Higher-Dimensional Expansion of Random Geometric Complexes

          @misc{ scivideos_22707,
            doi = {},
            url = {https://old.simons.berkeley.edu/talks/testing-thresholds-high-dimensional-random-geometric-graphs},
            author = {},
            keywords = {},
            language = {en},
            title = {Higher-Dimensional Expansion of Random Geometric Complexes},
            publisher = {The Simons Institute for the Theory of Computing},
            year = {2022},
            month = {oct},
            note = {22707 see, \url{https://scivideos.org/simons-institute/22707}}
          }
          

Abstract

A graph is said to be a (1-dimensional) expander if the second eigenvalue of its adjacency matrix is bounded away from 1, or almost-equivalently, if it has no sparse vertex cuts. There are several natural ways to generalize the notion of expansion to hypergraphs/simplicial complexes, but one such way is 2-dimensional spectral expansion, in which the expansion of vertex neighborhoods (remarkably) witnesses global expansion.

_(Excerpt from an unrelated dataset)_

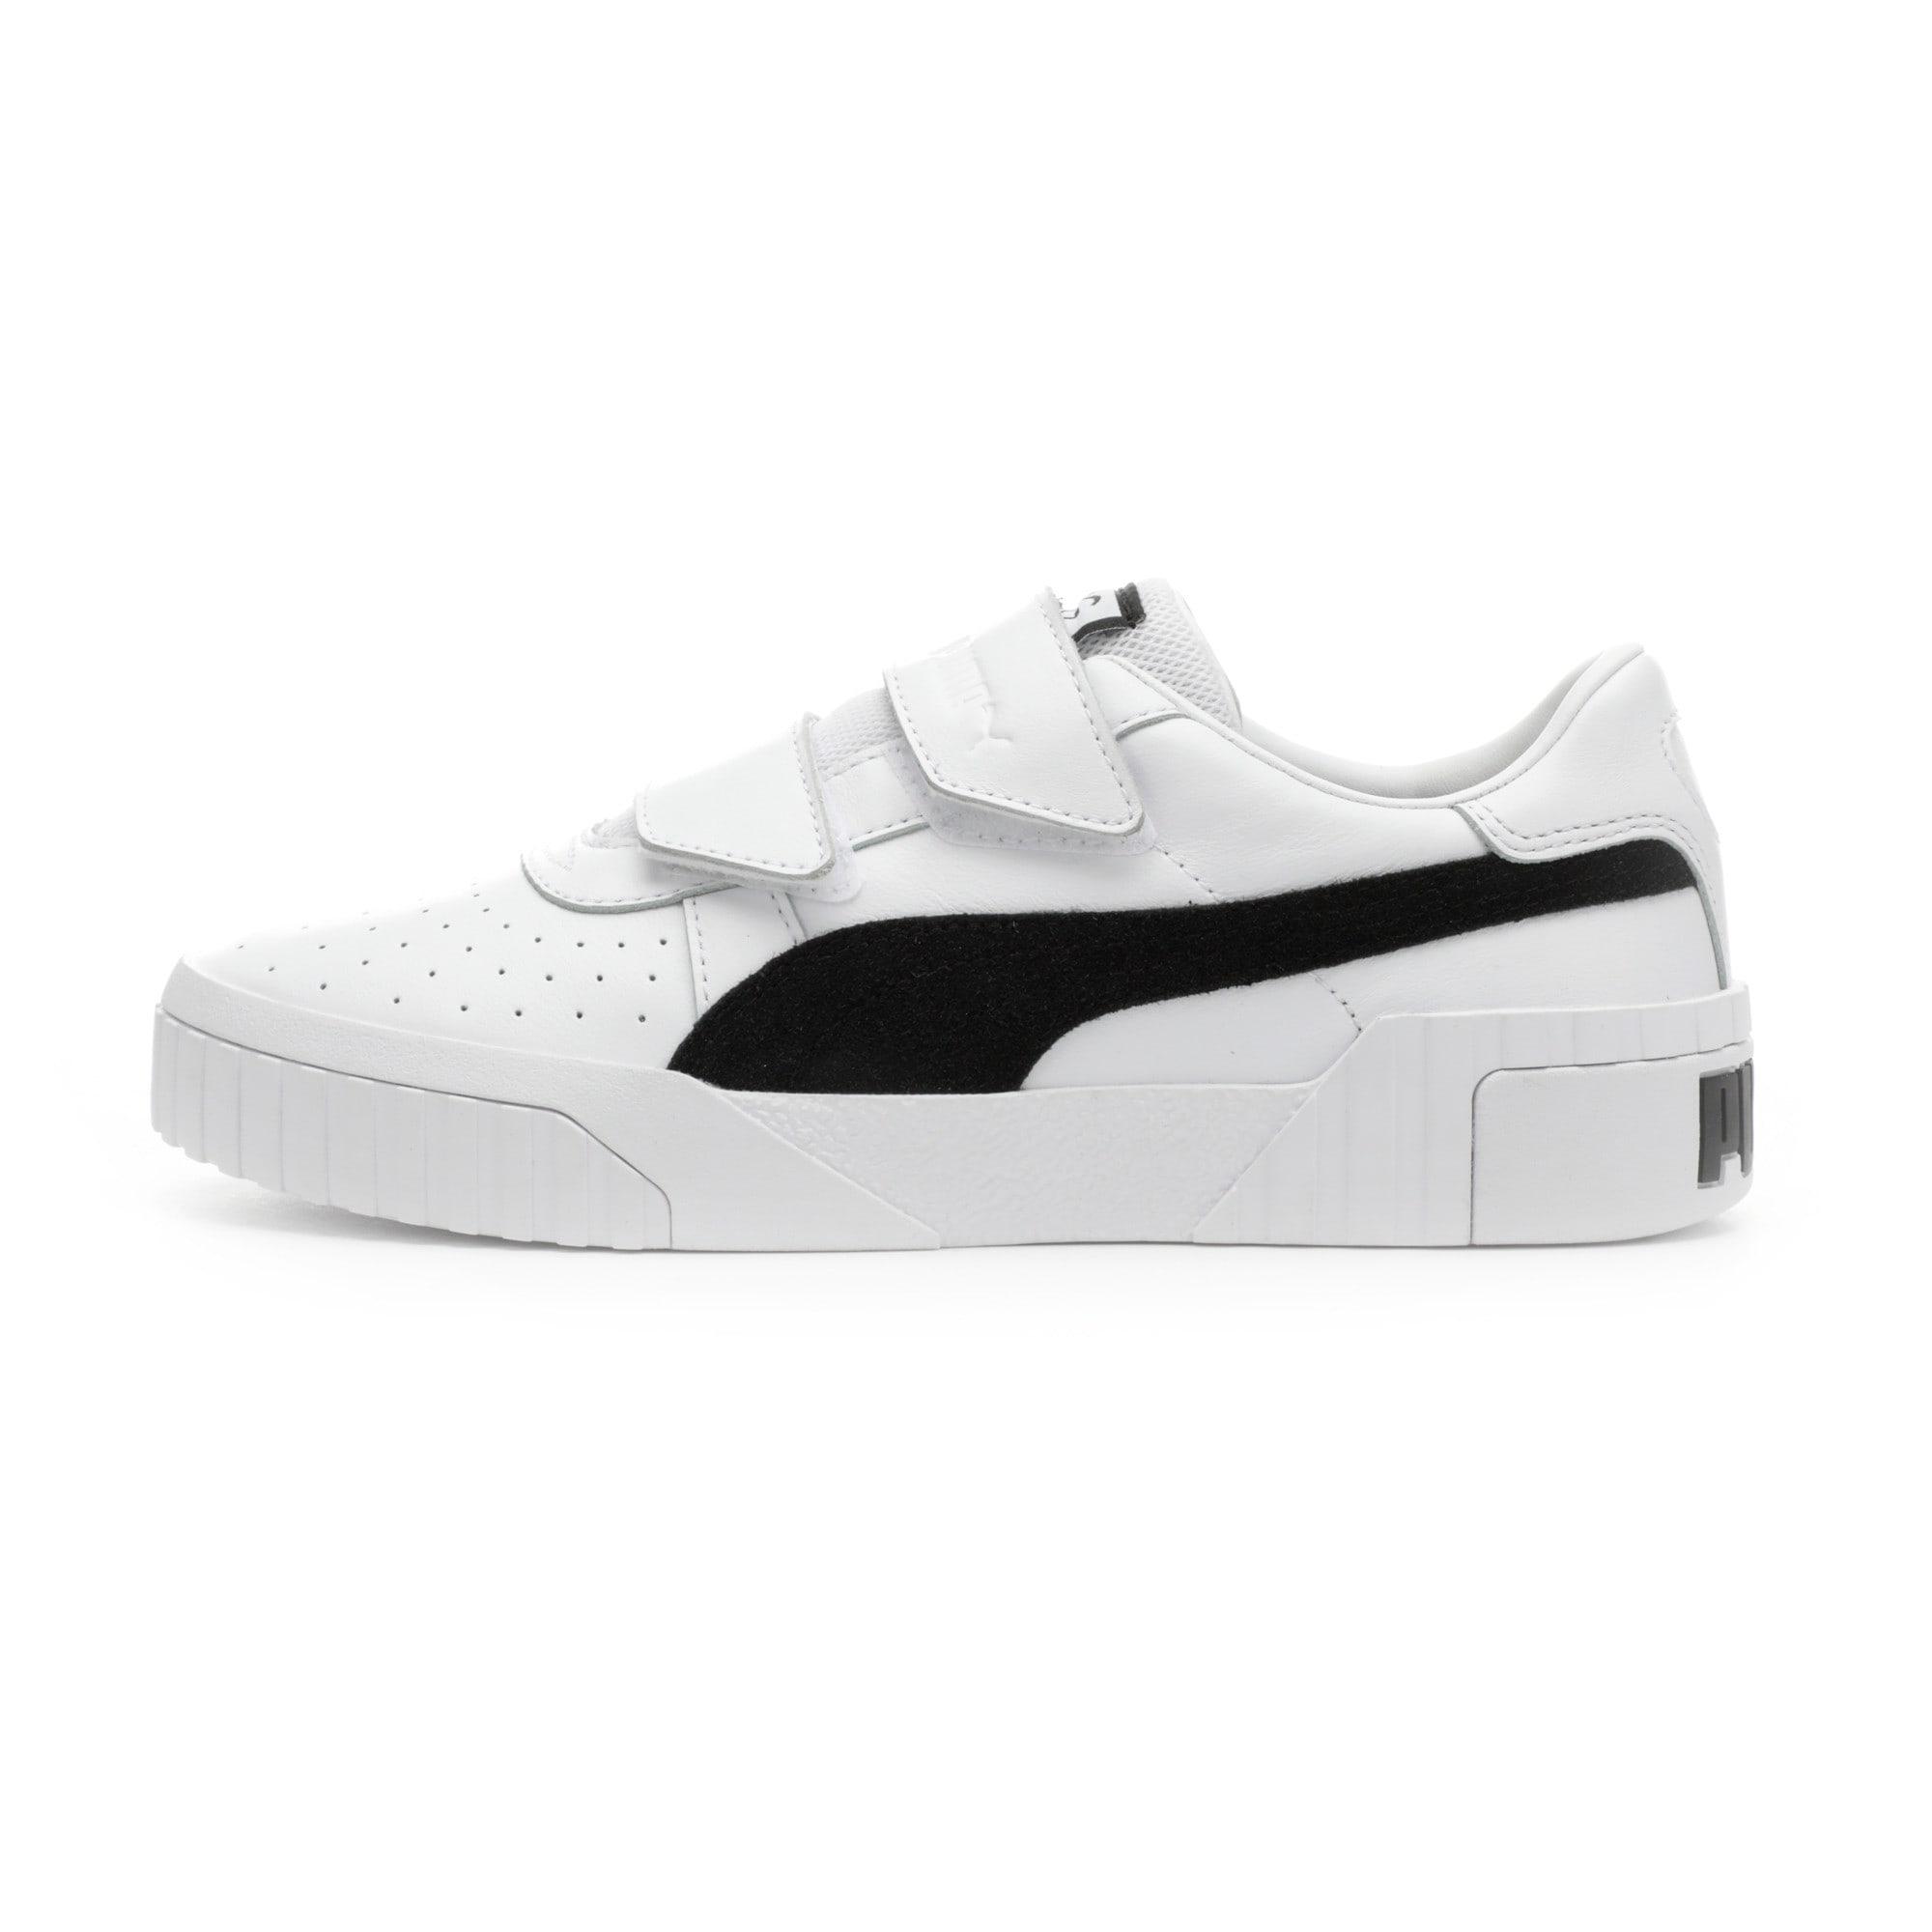 Thumbnail 1 of SG x Cali B+W Women's Sneakers, Puma White-Puma Black, medium

While 1-dimensional expansion is known to be achieved by, e.g., random regular graphs, very few constructions of sparse 2-dimensional expanders are known, and at present all are algebraic. It is an open question whether sparse 2-dimensional expanders are "abundant" and "natural" or "rare." In this talk, we'll give some evidence towards abundance: we show that the set of triangles in a random geometric graph on a high-dimensional sphere yields an expanding simplicial complex of arbitrarily small polynomial degree.